After checking out the fort, I walked a long path to the water's edge and allowed myself to be entertained for several minutes by the lightning-fast, sidling-darting movements of some tiny crab-like creatures. The sand-colored creatures blended in so well with the surrounding sand that I could barely see them until they moved.
I left the crabs to their own devices and I drove further up Sullivan's Island and then to Isle of Palms to catch another road that would take me to Boone Hall. Along the way I passed a little spot called Thomson Park, which featured some historical markers. Naturally, I had to stop and check them out. This is at a spot called Breach Inlet, which separates Sullivan's Island from the Isle of Palms.

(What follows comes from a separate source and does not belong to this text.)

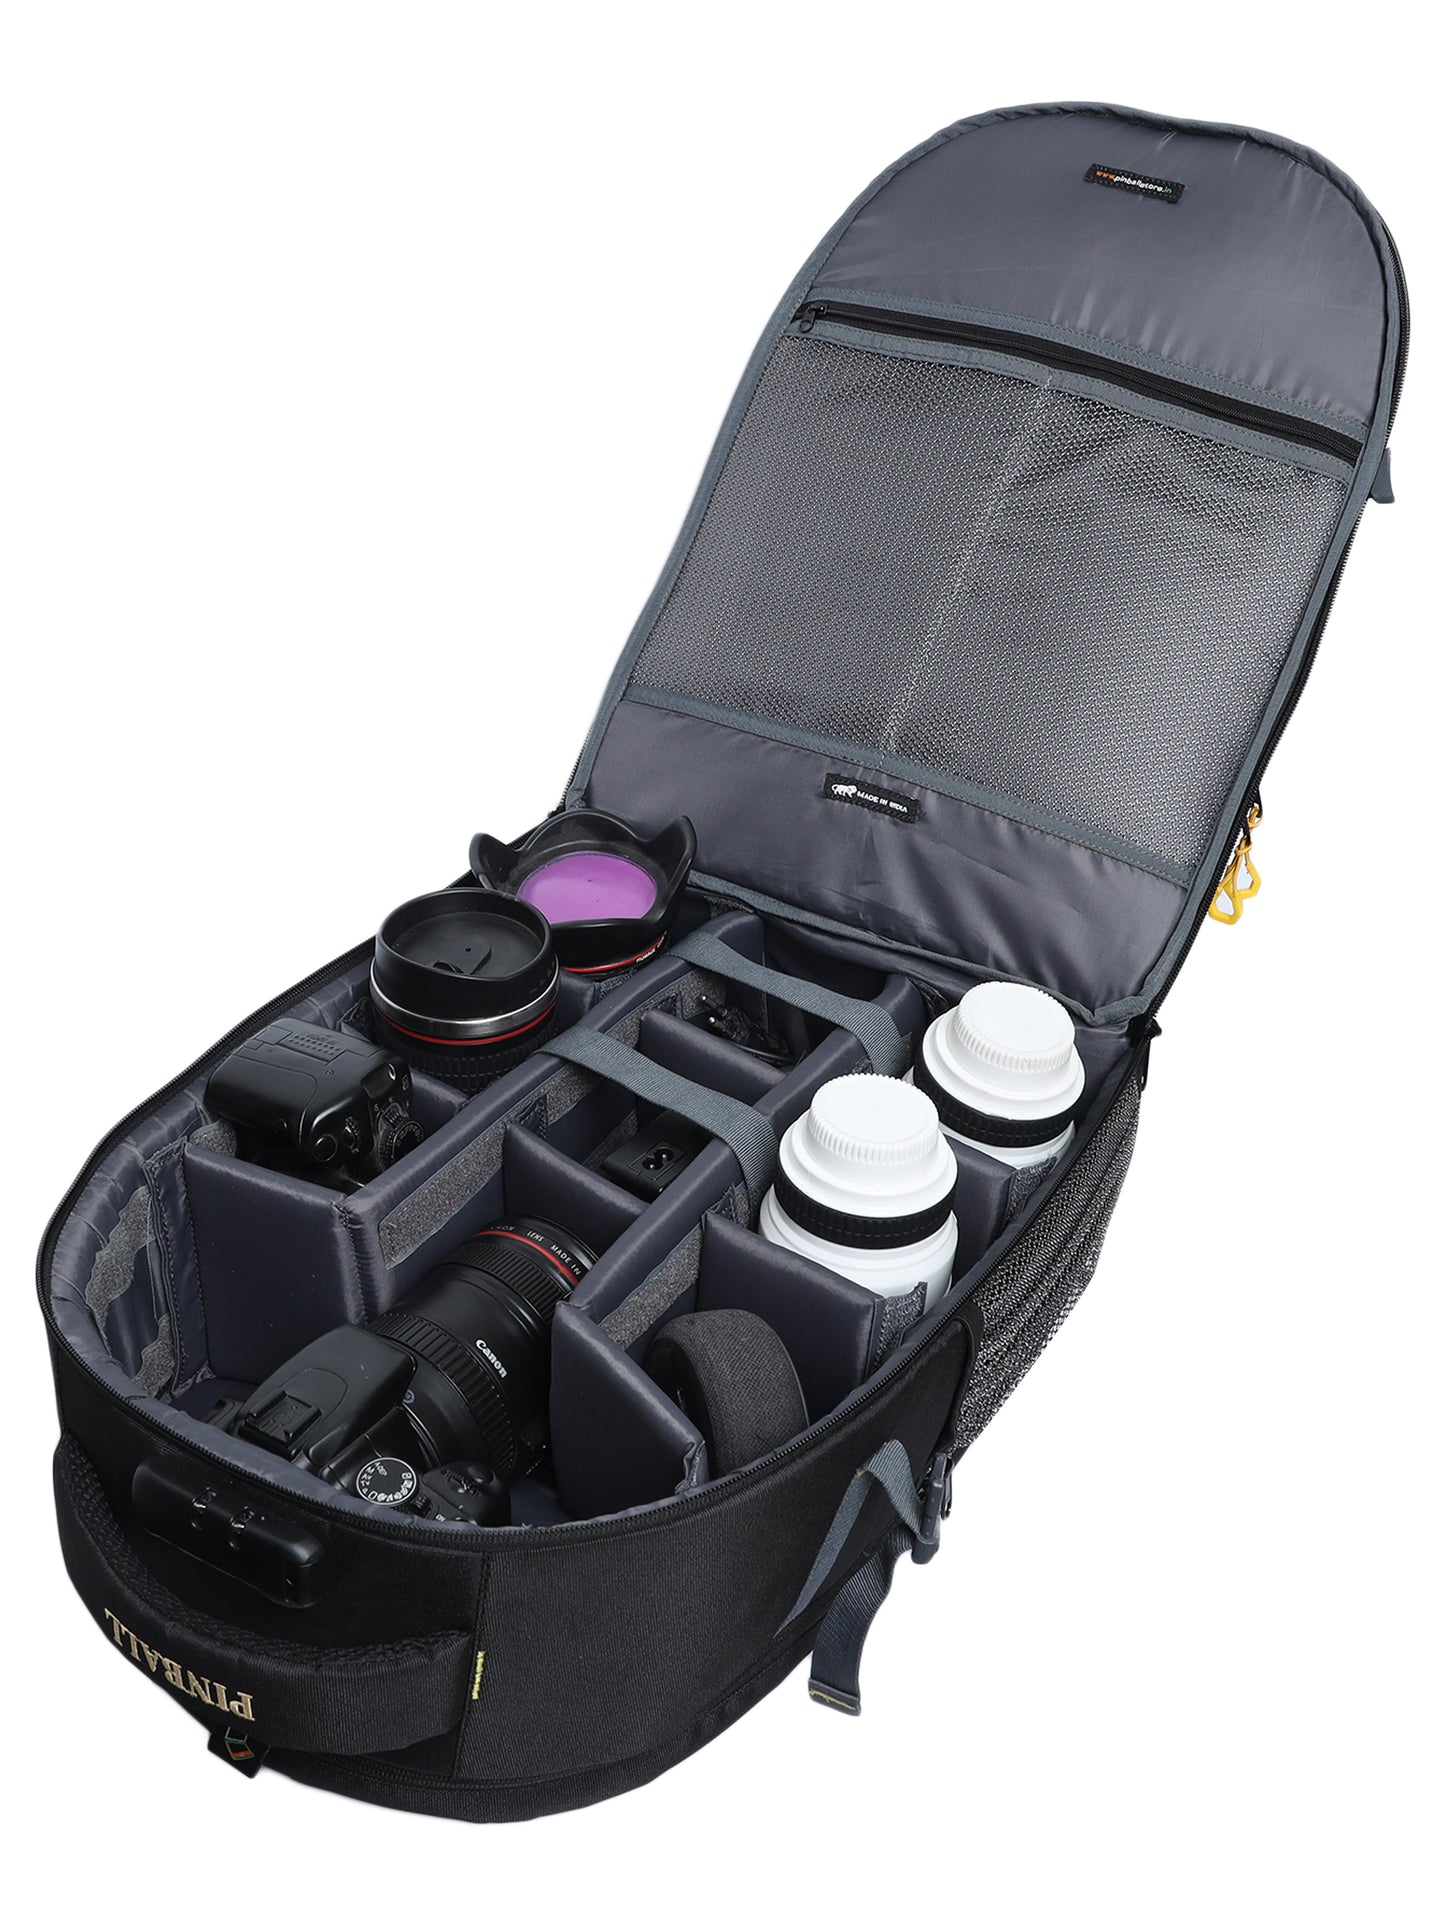 mage: Open view of the G13 BPL 4 DSLR camera bag, displaying a meticulously arranged collection of cameras, lenses, tripods, flashes, and other photography equipment. The bag's spacious compartments and customizable organization provide convenient storage and easy access to gear during photo shoots.
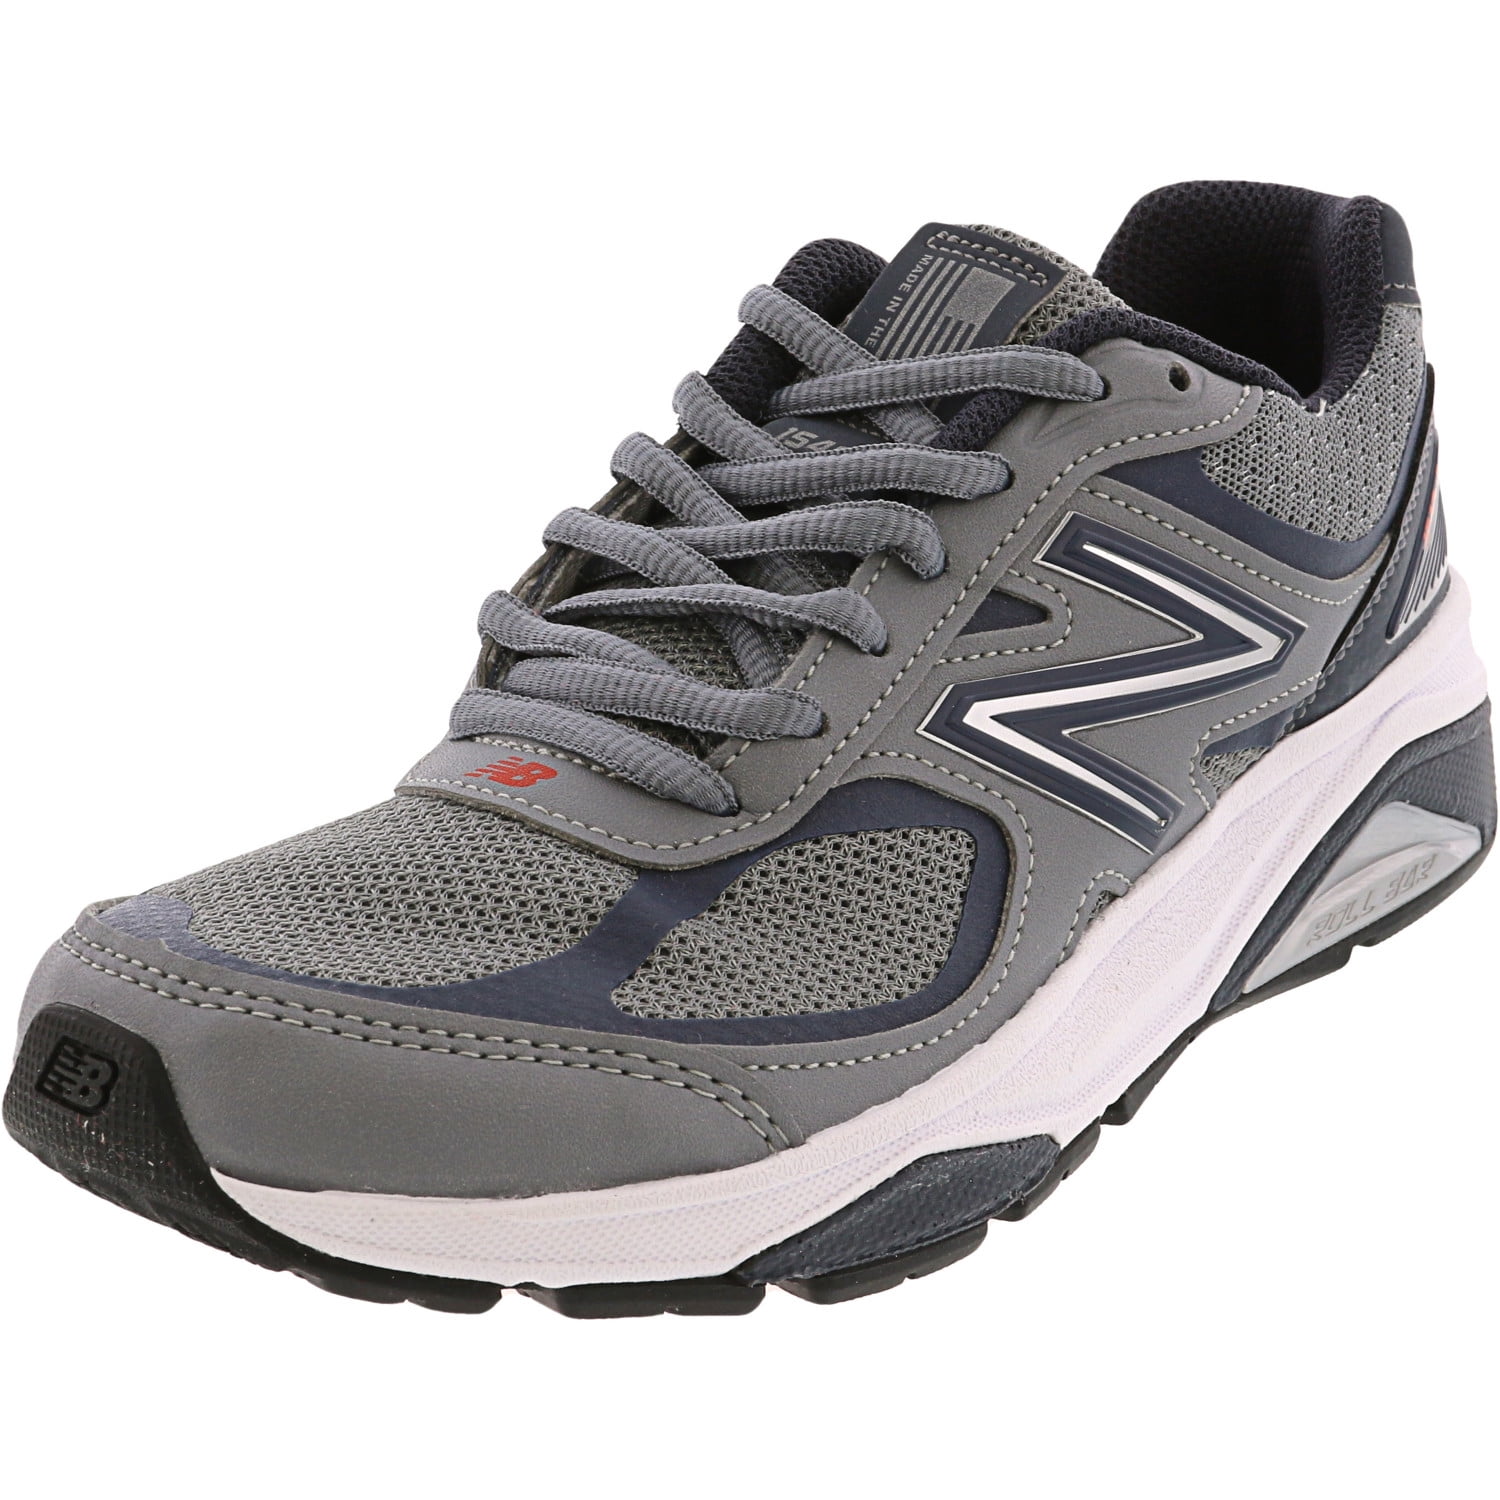 W1540 Gd3 Ankle-High Running - 5.5WWW

While Moultrie was fighting off the British fleet, Colonel William Thomson and his patriot contingent rebuffed a British attempt to land men here at the northeastern end of the island. During the War Between the States, the H. L. Hunley, the first submarine to sink a warship, launched from Sullivan's Island and passed through Breach Inlet on the evening of February 17, 1864 on its mission to sink the Union warship, Housatonic. Although the Housatonic sank, so did the Hunley.
Although a large sign specifically stated, “NO WADING,” a fisherman was out in the water up to his knees. A shore bird was also standing in the water, but perhaps he didn't read English.
I drove next to Boone Hall, presented the raincheck pass that I had been given the previous day, and stayed just long enough to take my photos of the Avenue of Oaks.
I returned to US 17 and, since it was already early afternoon, I decided to have lunch at the Boone Hall Farms store and cafe. I enjoyed a BBQ plate that featured something that I had never had before – tomato pie. It was loaded with tomatoes and cheese. Dee-lish!